Başka bir ibretlik hâdise ise târihlerde yer almamış, halk arasında dilden dile anlatılarak yayılmışdır. Târihlerde yer almamasının sebebini hâdiseyi okuyunca anlayacaksınız. Mürşid-i Azîzim Muzaffer Efendi Hazretleri anlatmışlardı :
Hani biliyorsun ya, olmuş hâdisât, Sultan Mahmud-i Evvel yani ona Kambur Mahmud derler târihde, gömmüşler, türbesi Vakıf Hanının karşısında, pâdişah dirilmiş mezarda. Meşhûr. Dirilmiş pâdişah, dirilince türbedar koşmuş saraya haber vermeye. Tabii yerine pâdişah olan, türbedârı içeri bir almışlar, bir daha çıkmamış türbedar, gitmiş o da. Sultan da orada ölmüş içerde. Neden? Çünkü o çıkarsa, yeniden tahta oturması lâzım gelecek. Hiç herif tahtını verir mi ona. Onun için çok para bırakırsan, üzerine büyük taşlar koyarlar, çıkmasın diye, elimizden parayı tekrar alır diye.
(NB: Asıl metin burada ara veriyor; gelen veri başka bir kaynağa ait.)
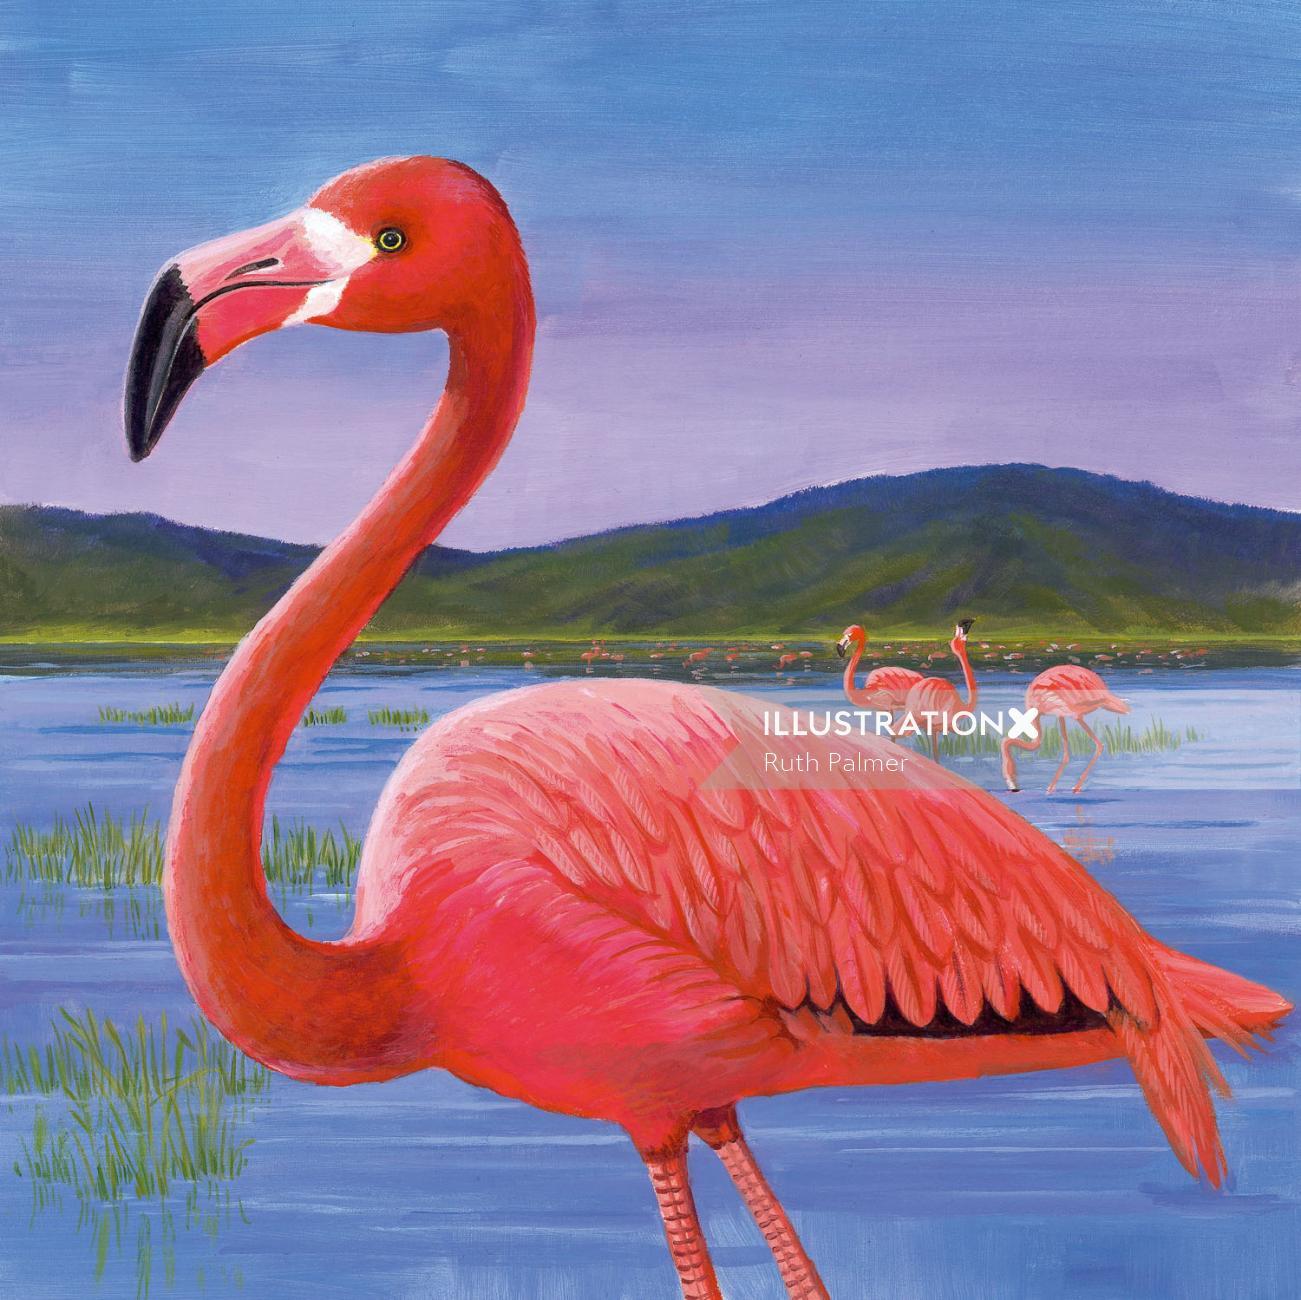 Red crane in lake

"Bugün artık taht yok, pâdişah yok, saltanat yok" filan diyenler çıkabilir. Siz tahtı pâdişahlık tahtı diye düşünmeyin. Taht demek makâm demekdir, mevkî demekdir. Şöyle bir bakın etrâfınıza, çalışdığınız yere, yaşadığınız beldeye, ülkeye filan. En küçük bir mevki için ne kavgalar yapılmakda, ne mücâdeleler edilmekde, ne ihânetler edilmekde, ne fesadlar, ne fitneler çıkarılmakda. Hepsinin de sebebi, makâm sevgisidir, dünyâ sevgisidir, başka bir şey değildir.